At Alchemax HQ, Meridius and Carnage are watching the Zombiote chaos unfold. Willie Lumpkin is among those infected by the Zombiotes. However, Agent Anti-Venom frees him and heads to Grand Garden Arena to make Eddie stand down. Flexo attacks Eddie, preventing him from healing properly, before Red Goblin removes him from Dylan. Flexo and Red Goblin are revealed to have been manipulated by Doctor Doom and Kang the Conqueror, with Kang creating the Rascal symbiote from a fragment of Bedlam. Venom leaves Spider-Man as pieces of it bond to Eddie and Dylan.

Agent Anti-Venom arrives, neutralizes Bedlam, and informs those present of the Zombiotes as they attack; Crusher Hogan and Doc Sawbones are converted into Zombiotes. The Anti-Venom symbiote moves to Eddie, who uses it to kill the Zombiotes. However, Meridius remotely possesses Eddie and the Zombiotes using Carnage's All-Blood the Necrospear, causing some of the Zombiotes to gain traits of Venom and Carnage. This forces Dylan to apparently kill Eddie.

Eddie survives, but is wounded and cut off from the powers of the King in Black. Meridius arrives and throws the All-Blood towards Eddie, only for future Dylan to arrive and shoot a bullet dubbed "Eganrac", the anti-Carnage, into his younger counterpart. This enables Dylan to withstand the All-Blood striking him as he assumes a golden form. Meridius attacks Dylan, but is killed by him. With Meridius' death, the Zombiotes die as well, while a zombified Lee Price looks outside his holding cell at Alchemax. Future Dylan disappears when his future is rewritten and Flash regains control of the Anti-Venom symbiote. However, Venom begins dying due to Eganrac's effects. Venom abandons Dylan to prevent him from dying as well and flees. Carnage —bereft of its godly powers with All-Blood's destruction—approaches Eddie, who is now only human and gravely wounded, and considers bonding with him to survive.
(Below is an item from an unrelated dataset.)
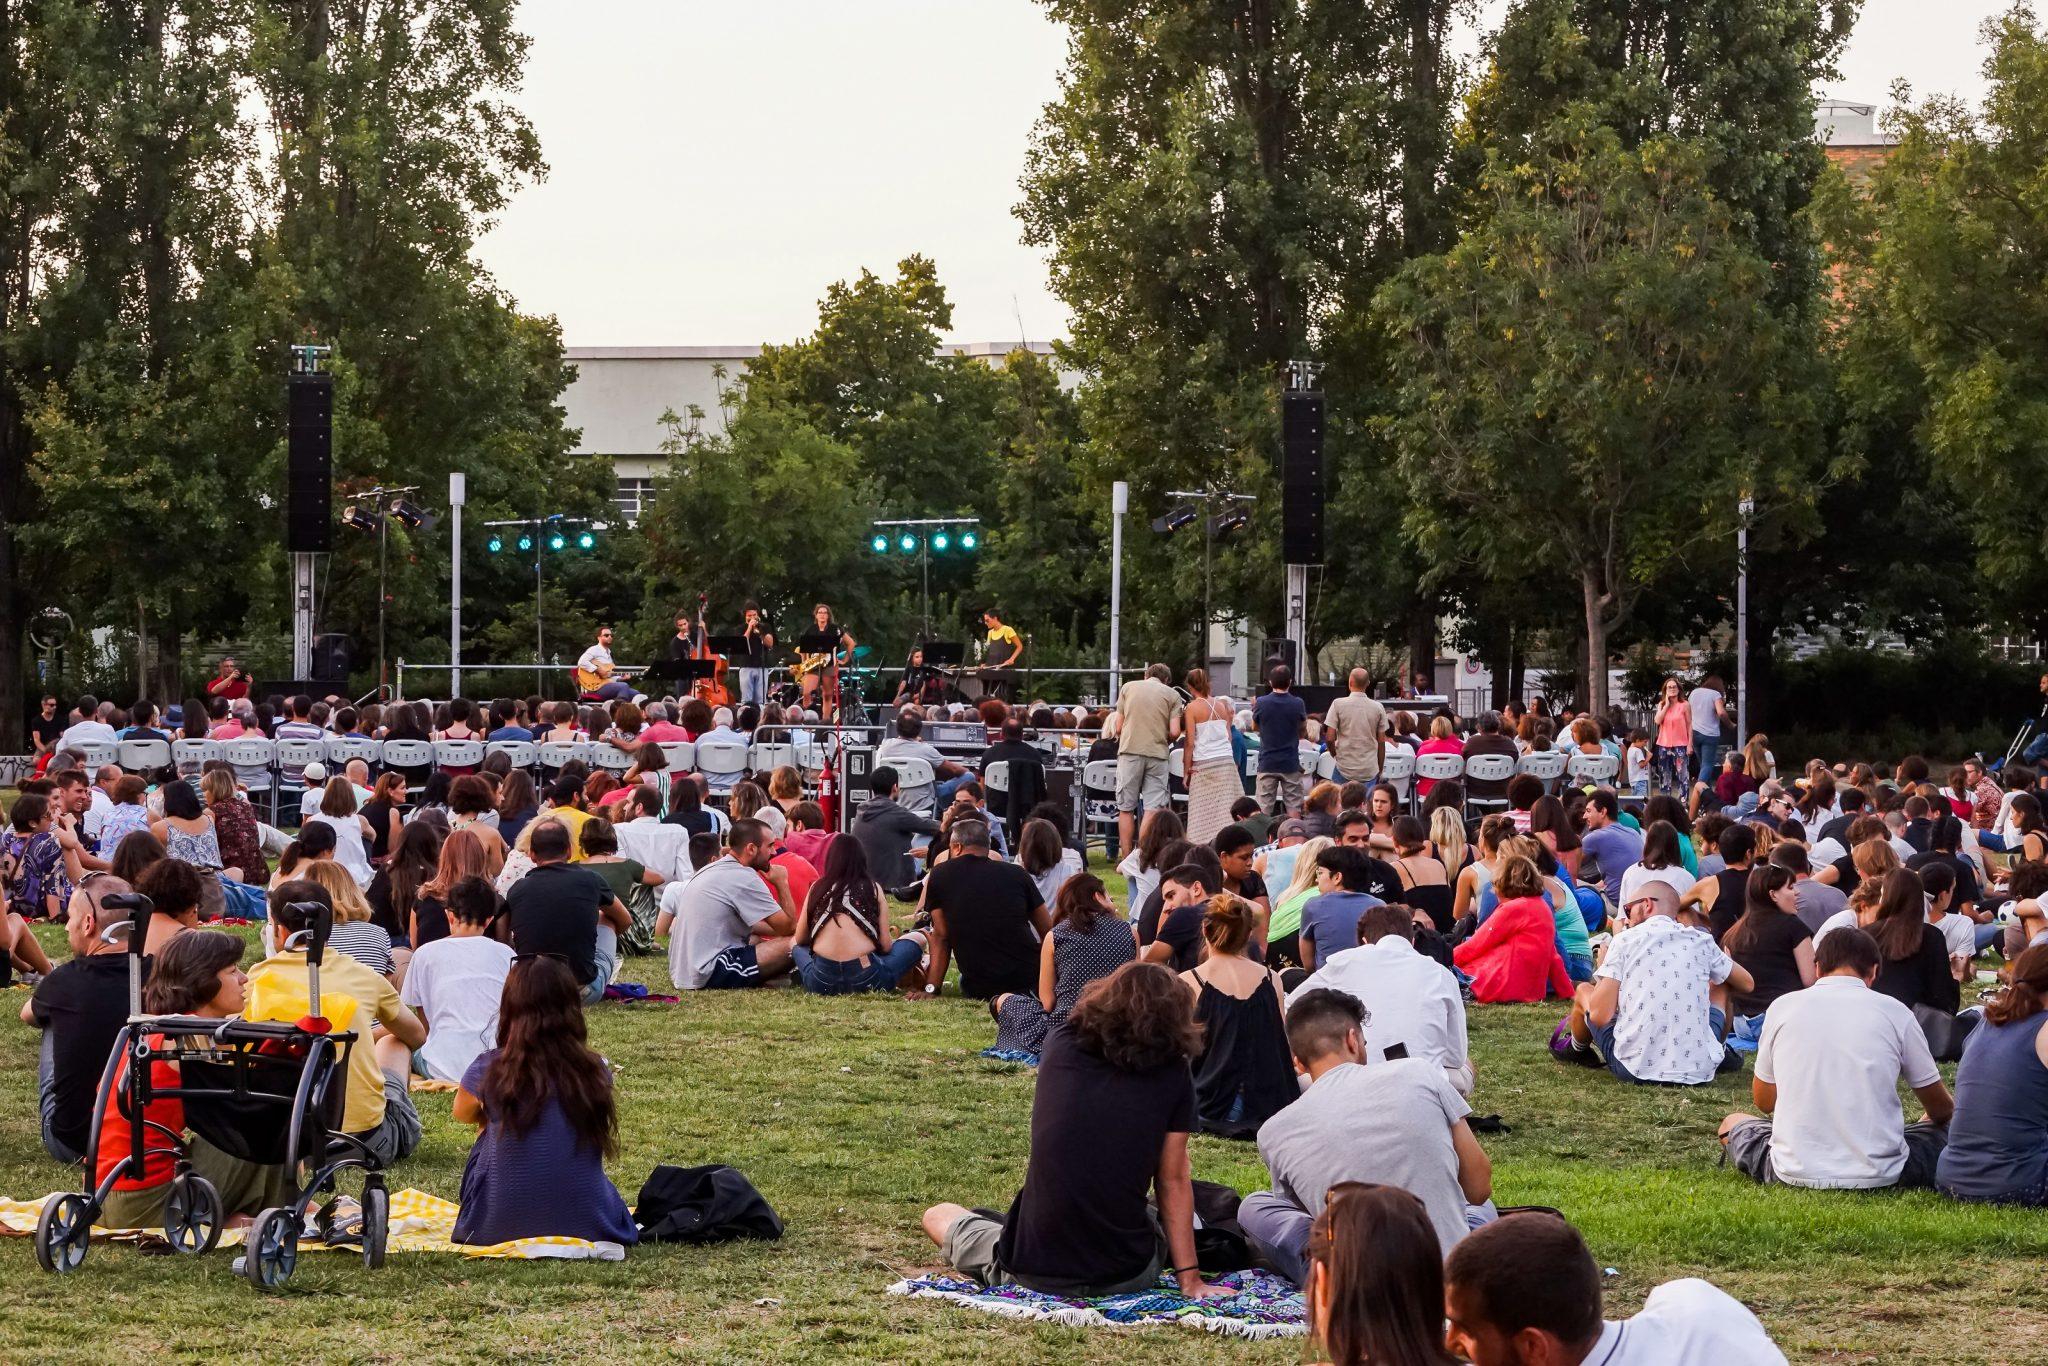 Pessoas sentadas no chão, num jardim, de costas para o observador, de frente para o um palco onde estão vários músicos
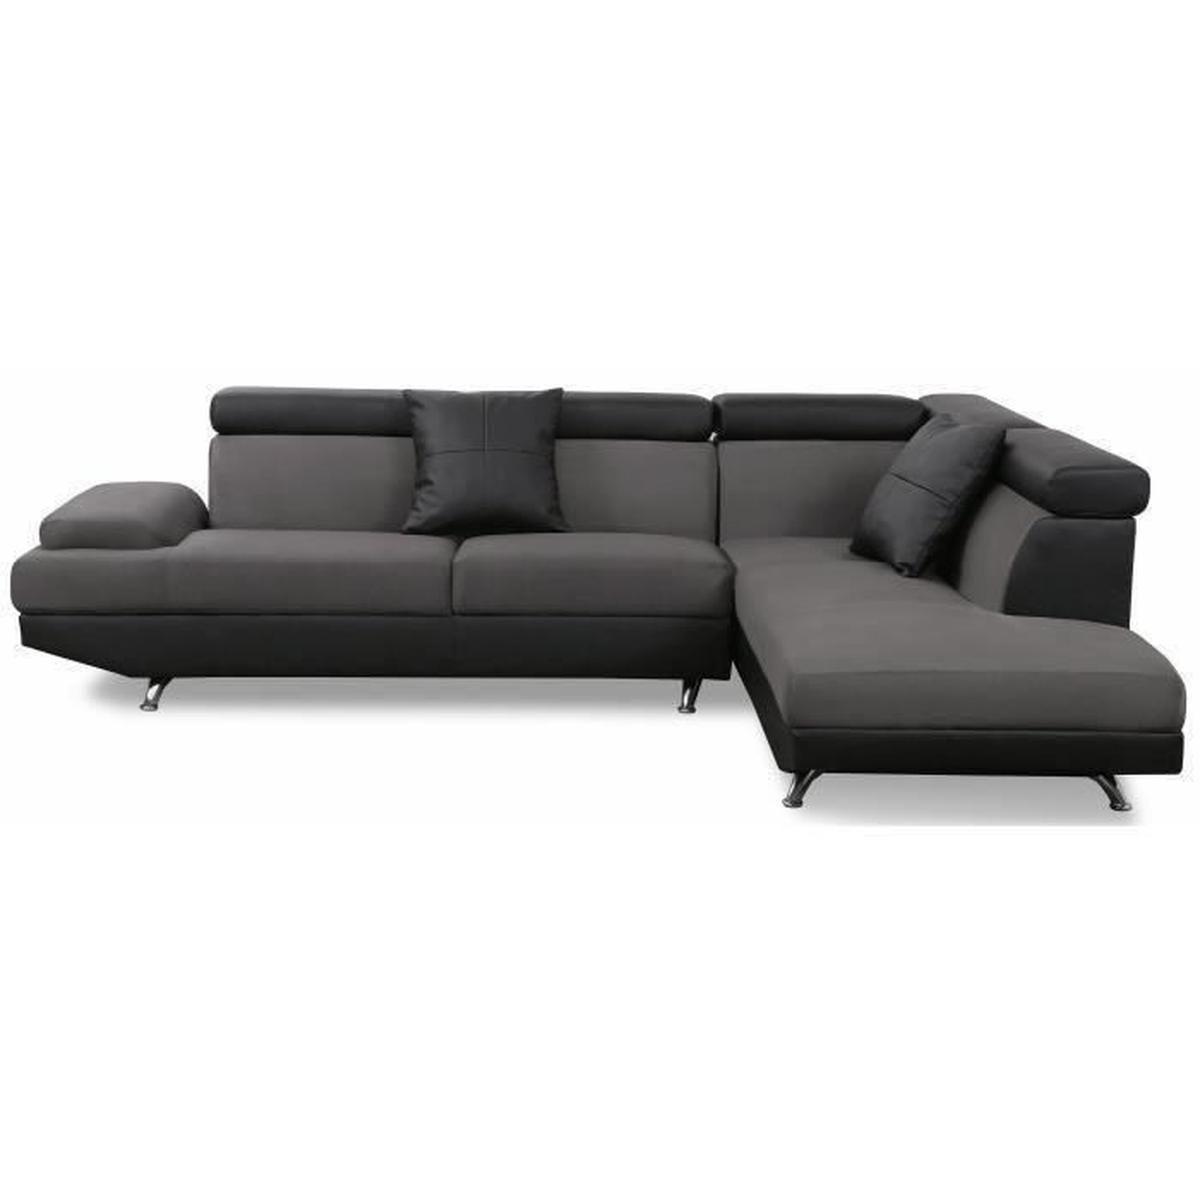 SCOOP Canapé d angle droit en simili et tissu 4 places

During the events of Venom War, a horse bonds with a copy of Venom. The horse, dubbed "Venom Horse", goes on a series of adventures of its own and ends up battling the Zombiotes. Crusher Hogan commentates on the Venom Horse fighting the Zombiotes and cheers him on.

==Issues involved==
===Prelude series===

| Title | Issues | Writer | Artist | Release date |
| Free Comic Book Day 2024: Ultimate Universe/Spider-Man | 1 | Al Ewing | Iban Colleo | May 4, 2024 |
| Venom (vol. 5) | 35 | CAFU | July 3, 2024 |
| Carnage (vol. 4) | 8 | Torunn Grønbekk | Pere Pérez | June 5, 2024 |
| Black Widow: Venomous | 1 | Erica Schultz | Luciano Vecchio | July 31, 2024 |

===Main series===

| Title | Issues | Writer | Artist | Debut date | Conclusion date |
|---|---|---|---|---|---|
| Venom War | 1–5 | Al Ewing | Iban Coello | August 7, 2024 | November 27, 2024 |

===Tie-in issues===
====Limited series====

| Title | Issues | Writer(s) | Artist(s) | Debut date | Conclusion date |
| Venom War: Spider-Man | 1–4 | Collin Kelly & Jackson Lanzing | Greg Land | August 14, 2024 | November 6, 2024 |
| Venom War: Venomous | 1–3 | Erica Schultz | Luciano Vecchio | August 21, 2024 | October 16, 2024 |
| Venom War: Carnage | Torunn Grønbekk | Pere Pérez | August 21, 2024 | October 23, 2024 |
| Venom War: Zombiotes | Cavan Scott | Juan José Ryp | August 28, 2024 | October 30, 2024 |
| Venom War: Wolverine | Tim Seeley & Tony Fleecs | Kev Walker | September 11, 2024 | November 13, 2024 |
| Venom War: Deadpool | Cullen Bunn | Rob di Salvo | September 18, 2024 | November 13, 2024 |
| Venom War: Lethal Protectors | Sabir Pirzada | Luca Maresca | September 18, 2024 | November 20, 2024 |

====One-shots====

| Title | Writer | Artist | Debut date |
|---|---|---|---|
| Venom War: Daredevil | Chris Condon | Lan Medina | September 25, 2024 |
| Venom War: Fantastic Four | Adam Warren | Joey Vasquez | October 30, 2024 |
| Venom War: It's Jeff | Kelly Thompson | Gurihiru | November 20, 2024 |

====Series tie-in====

| Title | Issues | Writer(s) | Artist(s) | Debut date | Conclusion date |
|---|---|---|---|---|---|
| Venom | 36–39 | Torunn Grønbekk | CAFU | August 14, 2024 | November 13, 2024 |

== Reception ==
In 2025, Kelly Thompson was nominated for the Eisner Award for Best Writer for her work on Venom War: It's Jeff #1 and other comics. The entire event received an average rating of 8.3 out of 10 based on 50 reviews.